Introduction to ESMA 3101

This page discusses some general concepts of Statistics.

Motivation for learning Statistics

Quote: If I had only one hour to live, I would choose to live it in statistics class because it would seem to last forever (A student's complaint)


Why does Statistics appear to be so boring?

Amazingly enough, a person investigating any of these questions might well end up using the same statistical method to answer them! (It is called the two-sample t test and we will study it at the end of this semester)

The power, strength (and beauty) of statistics lies in its universal applicability!

What is Statistics?

Statistics is the Science of data (or information)

----- How to collect data
----- How to analyze data
----- How to present data

Why everybody should know a little bit about Statistics - Misuse of Statistics

Statistics can be used in many ways to make things appear to be something that it is not (lying!)
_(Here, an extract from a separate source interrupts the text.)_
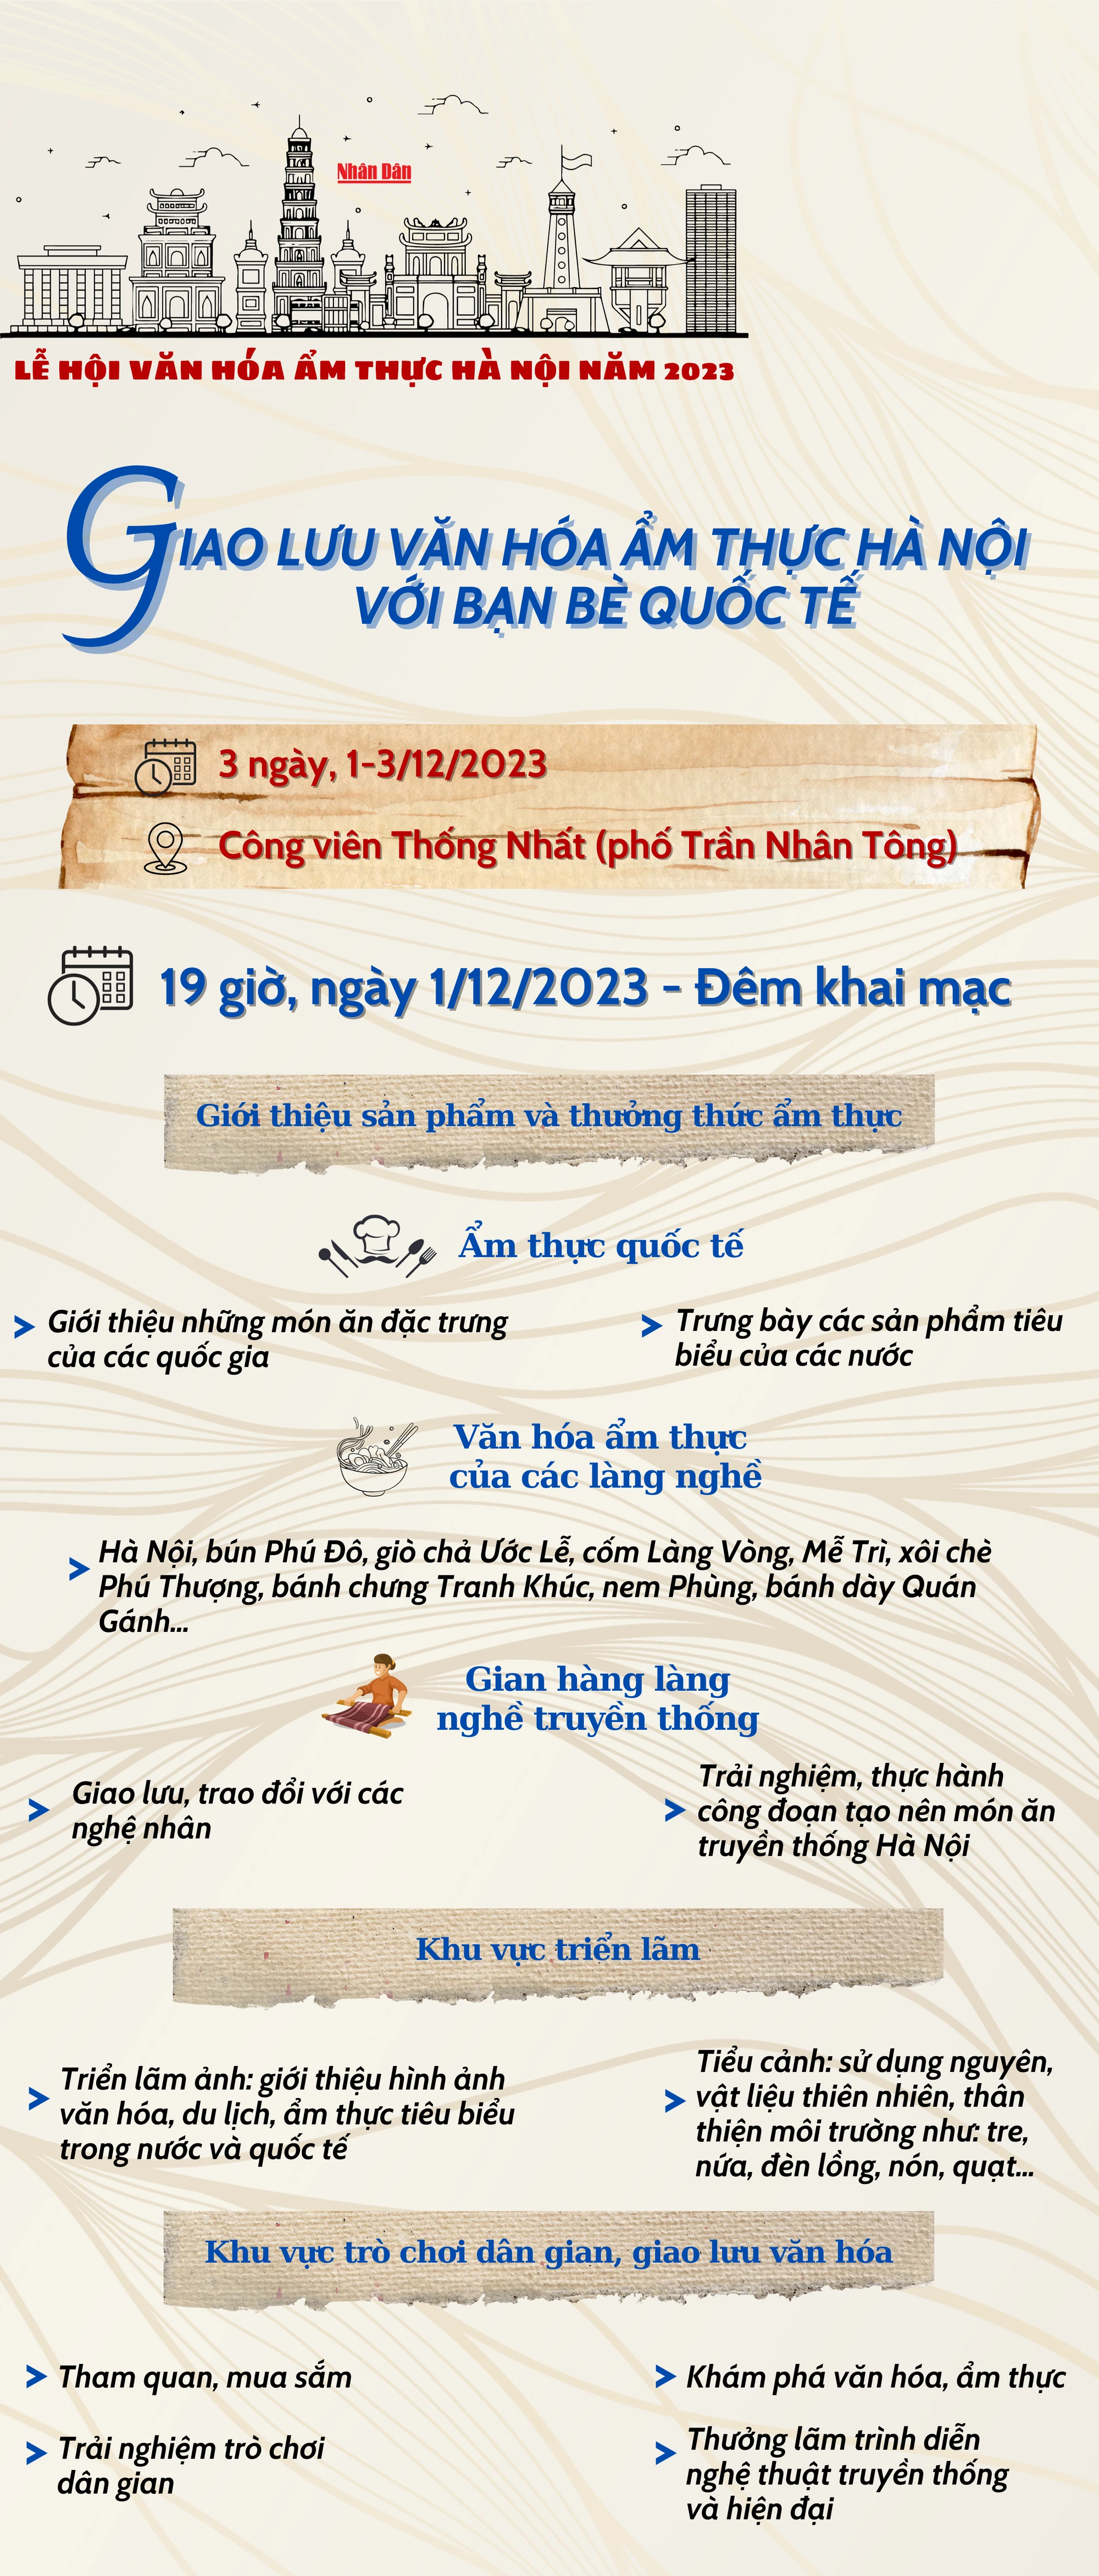 [Infographic] Một số điểm nhấn tại Lễ hội văn hóa ẩm thực Hà Nội ảnh 1

Another quote: There are Lies, Damn Lies and Statistics (Benjamin Disraeli)

What can we do with Statistics?

Let's consider for a moment the data from the WR Inc and let's have a look at some things that statistics can be used for. We will use the data for the whole company in the worksheet CensusData.

First of all there are 23791 observations, one for each employee, and with 6 pieces of information (variables) for a total of 23791×6 = 142746. Trying to look at so much information is very difficult, so organizing it in some fashion is very useful. For example, just making a little table can help:
  Counts Percentage
Male 14281 60%
Female 9510 40%

By the way, simple tasks like counting how many females there are in this company is what computers are very good at. Here we could use the command Stat > Tables > Tally Individual Variables, Gender to do most of the work for us.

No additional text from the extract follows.